EXERCISE INSTRUCTIONS: Compute how many lines in the records below contain the string "River" and give that number without other output.

MATERIAL PROVIDED:
-- Opening Marker --

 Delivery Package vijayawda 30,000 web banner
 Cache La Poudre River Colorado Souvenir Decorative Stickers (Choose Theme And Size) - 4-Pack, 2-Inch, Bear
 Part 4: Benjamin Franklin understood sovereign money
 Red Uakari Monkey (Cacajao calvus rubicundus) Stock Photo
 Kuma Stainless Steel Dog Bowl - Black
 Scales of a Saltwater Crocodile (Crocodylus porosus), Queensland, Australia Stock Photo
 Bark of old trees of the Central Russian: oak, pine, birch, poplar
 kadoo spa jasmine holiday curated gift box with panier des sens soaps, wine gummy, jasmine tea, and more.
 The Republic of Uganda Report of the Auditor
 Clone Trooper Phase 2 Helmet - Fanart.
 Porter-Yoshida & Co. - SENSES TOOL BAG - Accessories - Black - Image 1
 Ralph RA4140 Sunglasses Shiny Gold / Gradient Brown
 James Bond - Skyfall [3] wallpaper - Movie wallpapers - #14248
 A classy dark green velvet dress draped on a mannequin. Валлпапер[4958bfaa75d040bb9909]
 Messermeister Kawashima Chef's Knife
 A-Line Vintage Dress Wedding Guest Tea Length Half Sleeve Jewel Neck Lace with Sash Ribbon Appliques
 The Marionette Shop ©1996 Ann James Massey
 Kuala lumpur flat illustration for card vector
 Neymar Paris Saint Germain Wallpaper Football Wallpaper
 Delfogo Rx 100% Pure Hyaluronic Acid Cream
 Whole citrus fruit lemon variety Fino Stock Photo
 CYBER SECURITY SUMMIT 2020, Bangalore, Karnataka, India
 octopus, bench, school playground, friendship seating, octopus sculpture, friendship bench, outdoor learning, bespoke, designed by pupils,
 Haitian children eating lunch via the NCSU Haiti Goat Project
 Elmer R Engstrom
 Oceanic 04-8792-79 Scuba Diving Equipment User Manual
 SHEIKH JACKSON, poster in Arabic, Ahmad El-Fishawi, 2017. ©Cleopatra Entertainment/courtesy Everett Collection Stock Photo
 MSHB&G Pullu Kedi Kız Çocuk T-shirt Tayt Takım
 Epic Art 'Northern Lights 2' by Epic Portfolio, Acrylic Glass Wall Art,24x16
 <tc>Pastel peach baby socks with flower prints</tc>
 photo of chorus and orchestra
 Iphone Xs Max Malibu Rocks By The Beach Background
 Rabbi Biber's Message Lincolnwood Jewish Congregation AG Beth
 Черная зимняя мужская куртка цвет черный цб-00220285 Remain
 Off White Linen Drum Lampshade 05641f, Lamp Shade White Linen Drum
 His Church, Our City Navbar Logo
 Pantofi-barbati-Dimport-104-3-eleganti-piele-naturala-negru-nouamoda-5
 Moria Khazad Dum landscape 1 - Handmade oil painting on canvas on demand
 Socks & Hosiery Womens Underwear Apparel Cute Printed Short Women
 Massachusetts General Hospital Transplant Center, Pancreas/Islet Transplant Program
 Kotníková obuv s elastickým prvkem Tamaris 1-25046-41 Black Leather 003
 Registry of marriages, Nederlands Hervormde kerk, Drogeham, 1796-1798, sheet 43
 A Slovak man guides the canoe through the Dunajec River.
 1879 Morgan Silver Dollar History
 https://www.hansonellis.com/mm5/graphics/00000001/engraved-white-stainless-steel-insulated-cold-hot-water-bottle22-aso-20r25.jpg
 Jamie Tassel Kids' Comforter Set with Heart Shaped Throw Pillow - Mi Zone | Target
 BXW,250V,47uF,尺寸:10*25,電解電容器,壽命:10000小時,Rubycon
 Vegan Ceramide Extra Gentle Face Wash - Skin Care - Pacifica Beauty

-- Closing Marker --

TASK RESPONSE: 2